Howl

Howl

Tra oscurantismo e ricerca dell’osceno, il film dei documentaristi Rob Epstein e Jeffrey Friedman racconta l’essenza del mitico poema di Allen Ginsberg

di Lorenzo Lamperti
lampe83@tiscali.it

«Ho visto le migliori menti della mia generazione distrutte dalla pazzia, affamate, nude isteriche trascinarsi per strade di negri all’alba in cerca di droga rabbiosa».

Genio incontrollato e incontrollabile, Allen Ginsberg, uno dei più grandi poeti del secolo appena concluso, è il protagonista del film Howl (Urlo), realizzato dalla celebre coppia di documentaristi Rob Epstein e Jeffrey Friedman. Uno splendido James Franco interpreta il mitico poeta, che nel 1957 fu portato sul banco degli imputati con l’accusa di oscenità per la pubblicazione del suo poema Howl. Il film adotta un triplice punto di vista: la ricostruzione del processo, la vita privata di Ginsberg e la descrizione del poema stesso.

Epstein e Friedman si discostano ma allo stesso confermano la loro appartenenza al genere documentaristico, in particolare nella ricostruzione del processo. I due registi utilizzano gli autentici verbali per la ricostruzione del suo svolgimento e, anche grazie alle interpretazioni di David Strathairn nel ruolo del pubblico ministero e di John Hamm in quello dell’avvocato difensore di Ginsberg, riescono a restituire al meglio il nocciolo del problema: la definizione di osceno, che va a braccetto con quella di arte. Allo stesso modo, la vita del poeta viene ricostruita non solo attraverso scene di fiction, ma soprattutto con l’intervista a Ginsberg/Franco, composta da stralci di vari interviste dell’epoca riprese dai due autori. In questa immaginifica intervista scandita da flashback, soprattutto sulla sua vita sentimentale, Ginsberg medita sul suo processo creativo e gli ostacoli che la censura ha cercato di mettere sulla sua strada.

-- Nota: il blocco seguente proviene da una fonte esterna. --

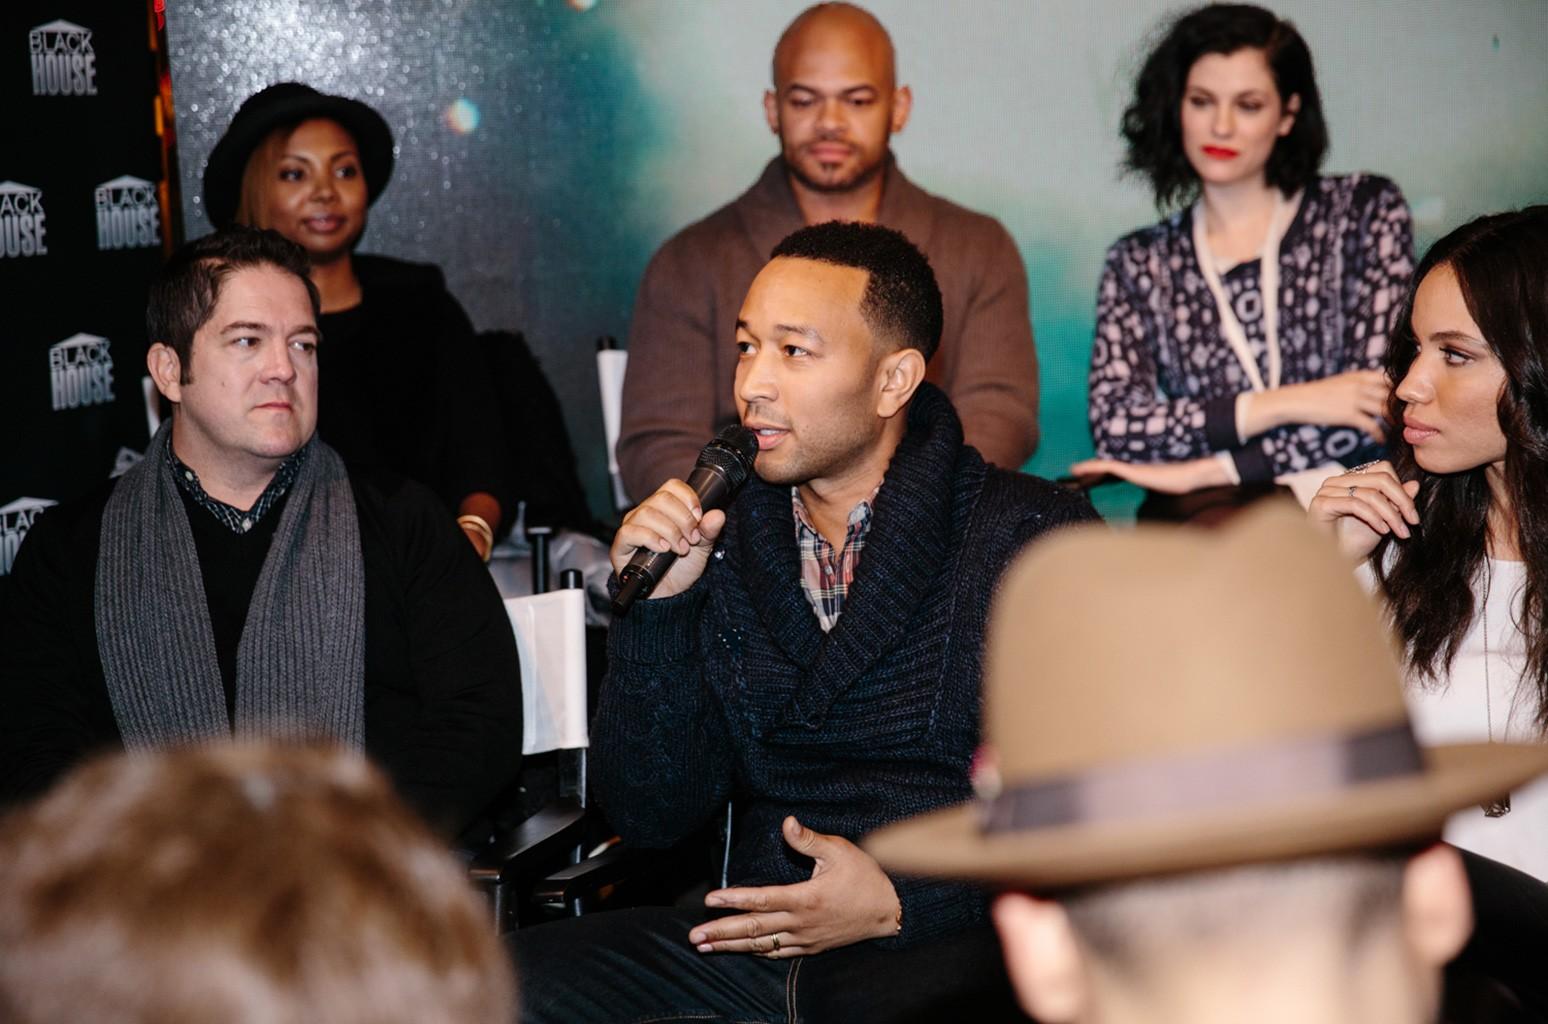 John Legend at Blackhouse Foundation's 2016 Sundance summit.
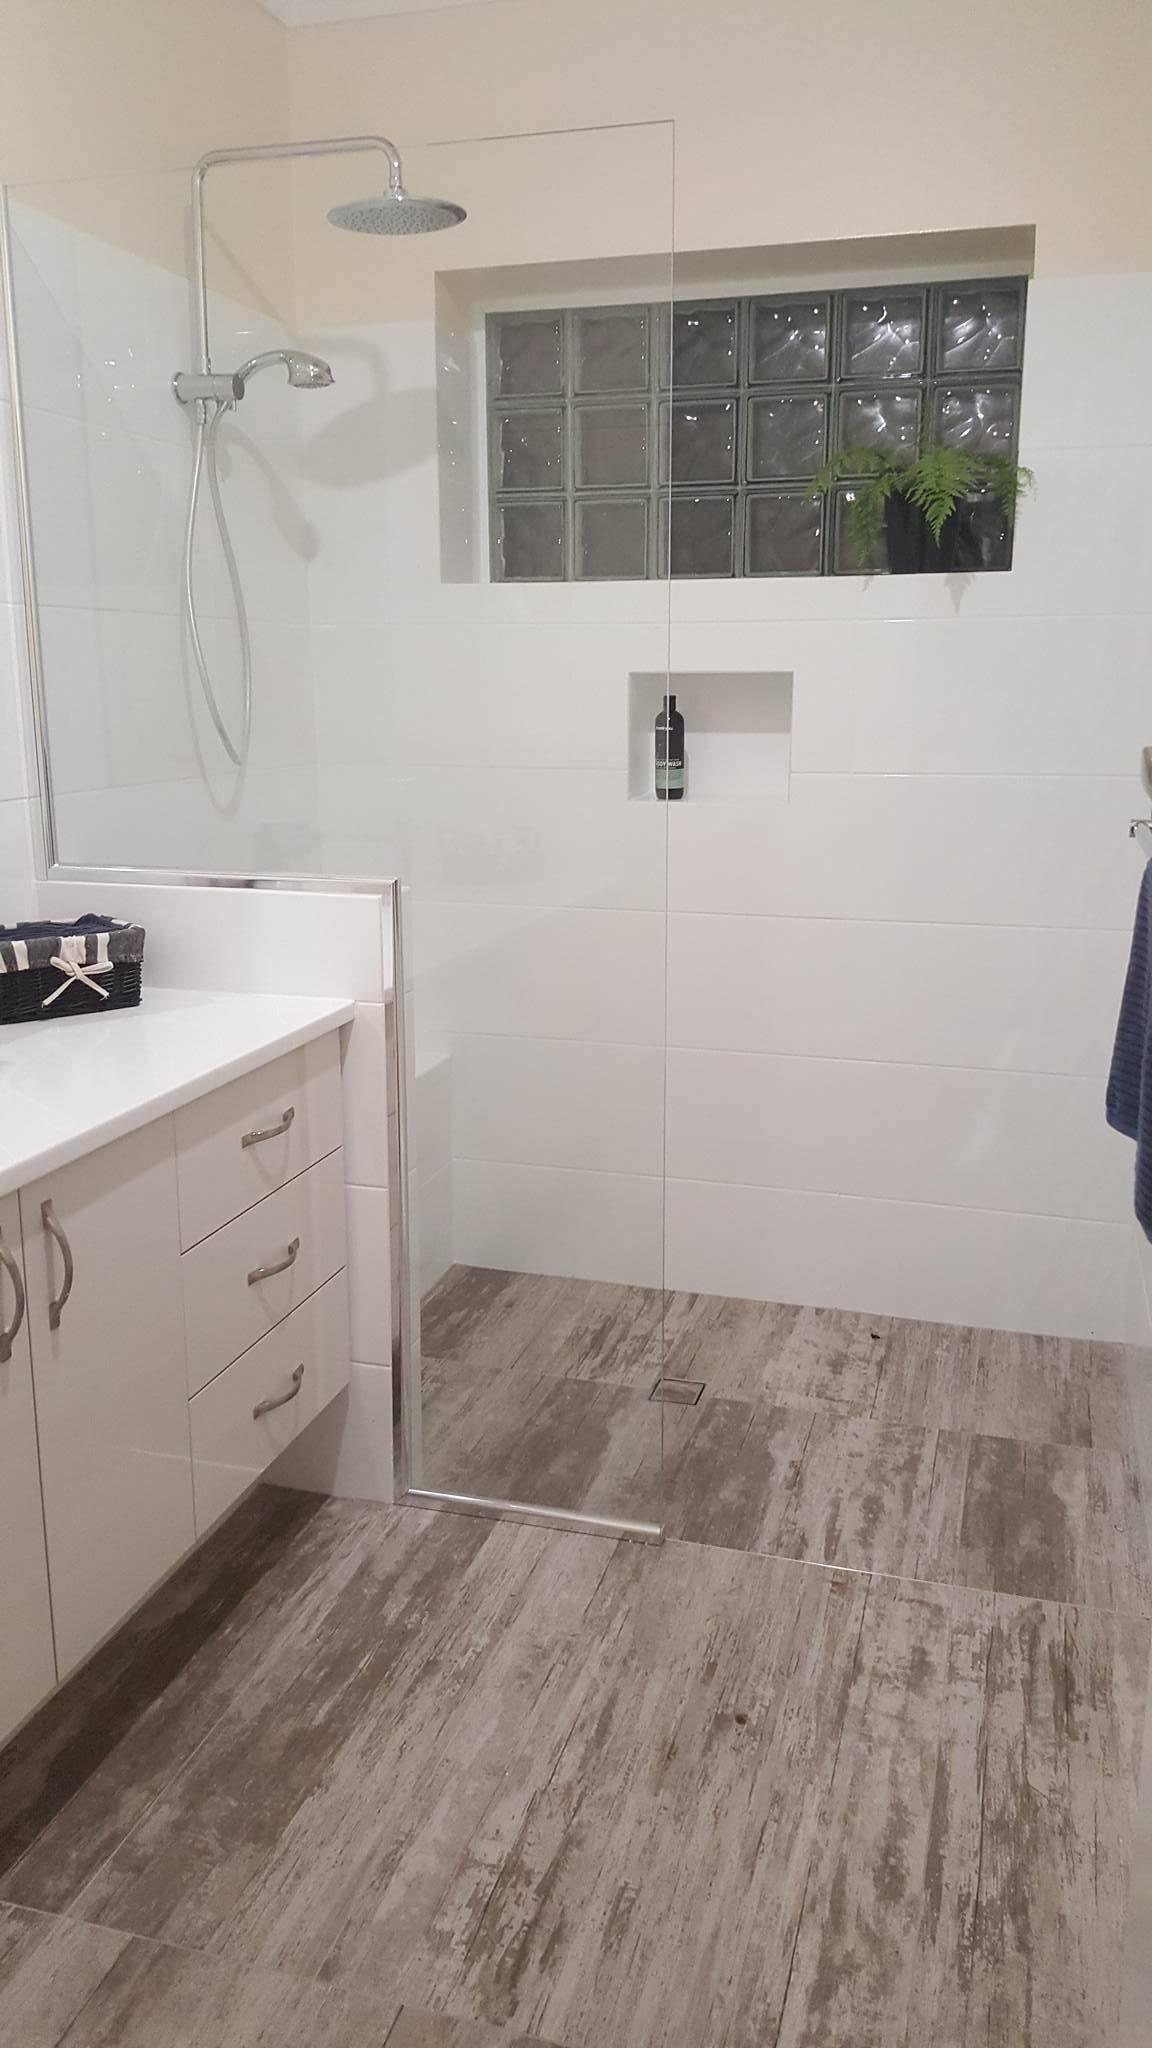 Bathroom Renovations Joondalup veejay's - kitchen renovations & designs - joondalup

Il piano nel quale Epstein e Friedman lasciano maggiormente campo alla sperimentazione è quello della visualizzazione del poema, che appare sullo schermo attraverso l’animazione di alcuni graphic novelists americani, che hanno un forte sapore beat e riportano alla mente la mitica operazione cinematografica effettuata dai Pink Floyd con il film The Wall di Alan Parker. Le animazioni grafiche sono intervallate dalla ricostruzione della prima lettura pubblica di Howl, effettuata proprio da Ginsberg.

Howl riesce a restituire l’atmosfera di un’epoca passata ma ancora molto vicina, intraprende un fantastico viaggio nella mente di Ginsberg e ripone il problema dei limiti dell’osceno e della censura, in un terzo millennio ancora pervaso dai sistemi di controllo che limitano la libertà artistica ed espressiva. Howl è dunque una sorta di documentario espressionista che, lungi dall’allontanarli dal loro campo solito di azione, porta Epstein e Friedman a un’evoluzione del loro linguaggio filmico e li mantiene nel loro territorio di denuncia sociale e rivendicazione culturale. La contro-cultura americana è finita, potrebbe essere il tempo di costruirne una nuova.